Ironie du sort : le président de la Capi entre dans la salle au moment où André Coppard achève sa phrase... « Vous arrivez juste à temps ! » lui lance l'agriculteur. Jean Papadopulo, par ailleurs maire de Four, reconnaît que le manque d'interlocuteur pose souvent problème : « Nous proposons des choses, mais si nous n'avons pas de représentant légitime de la profession agricole auprès de nous, la discussion ne peut pas s'instaurer. La vie avance, et elle avance vite. Nous, collectivités, nous avons une loi qui tombe tous les 15 jours. Si nous n'avons personne en face de nous, nous prenons des décisions et les gens ne sont pas contents. Pour dépasser ça, il faut s'investir en amont. » Aux agriculteurs qui, dans la salle, expliquent qu'ils aimeraient bien, mais n'ont pas le temps, Roland Seigle rétorque en développant le propos de Jean Papadopulo : « Le monde qui gravite autour de nous ne s'arrête pas. Il ne va pas nous attendre. Aujourd'hui, nous travaillons sous pression, mais nous ne sommes pas les seuls ! Il faut participer à ce qui se dit. Après, c'est trop tard. »

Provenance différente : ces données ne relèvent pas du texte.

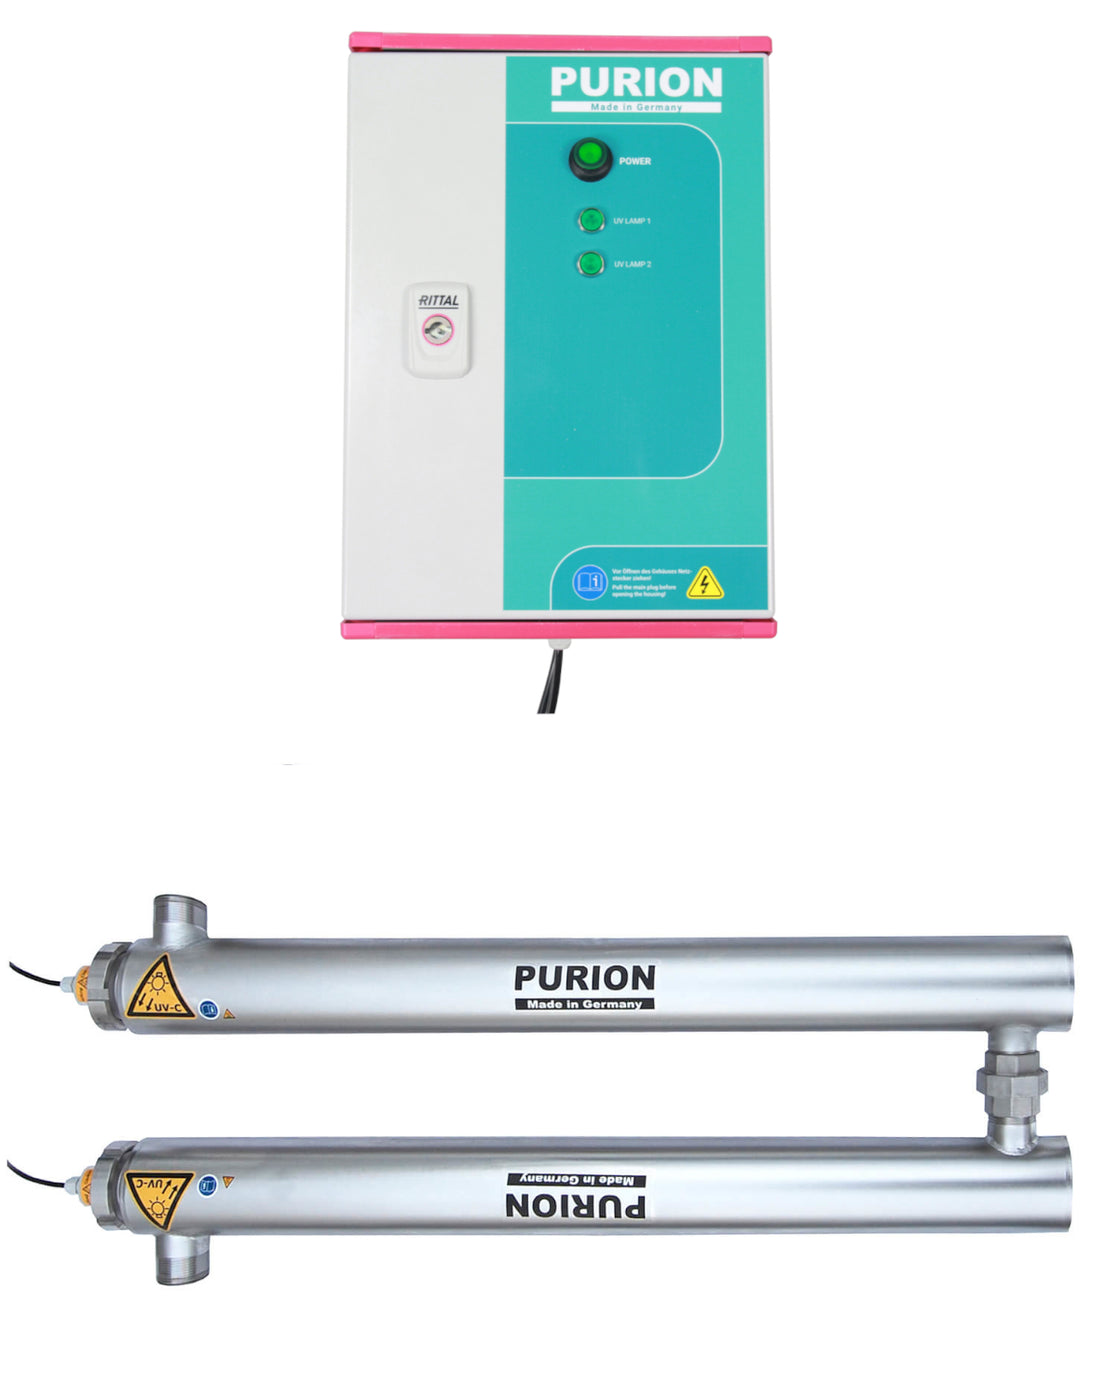 Das Purion 2501 Dual Basic Wasseraufbereitungssystem der PURION GmbH ist eine revolutionäre UV-C-Desinfektionslösung, die für klares und sauberes Wasser sorgt. Mit der fortschrittlichen Technologie von PURION 2501 Dual Basic ist es

Guy Gerin, exploitant à la retraite et maire de Lieudieu, fait alors remarquer que les agriculteurs, même s'ils veulent s'investir, ont toujours l'impression d'avoir un temps de retard sur les dossiers : « Quand le projet est présenté autour d'une table, tout est déjà ficelé... » L'observation fait mouche. Qui n'a pas déjà éprouvé le désagréable sentiment d'arriver après une bataille qui n'a même pas eu lieu ? Le président de la Capi convient que cela peut arriver, mais explique que les élus ne peuvent pas aller chercher toutes les parties prenantes « par la main ». « On est tous dans la tourmente et pris par 36 sujets. Mais si vous n'y allez pas, les choses vont s'imposer à vous, insiste-t-il. Si vous ne vous adaptez pas, vous êtes morts ! Vous êtes en difficulté, mais venez avec nous et réfléchissons ensemble pour trouver des solutions, des compensations. J'incite notamment les jeunes à venir participer. » Un éleveur de Royas souligne un frein majeur du côté des horaires, expliquant qu'il est difficile pour un agriculteur qui est « à la fois éleveur, technicien et comptable », d'assister à des réunions se tenant à des heures de bureau. Un obstacle qui pourrait être levé avec « la création d'une petite cellule d'agriculteurs fonctionnant en réseau », a suggéré Marie-Claude Pichat, présidente du LEAP Vallon Bonnevaux qui accueillait l'AG de Paturin. Reste à établir la connexion.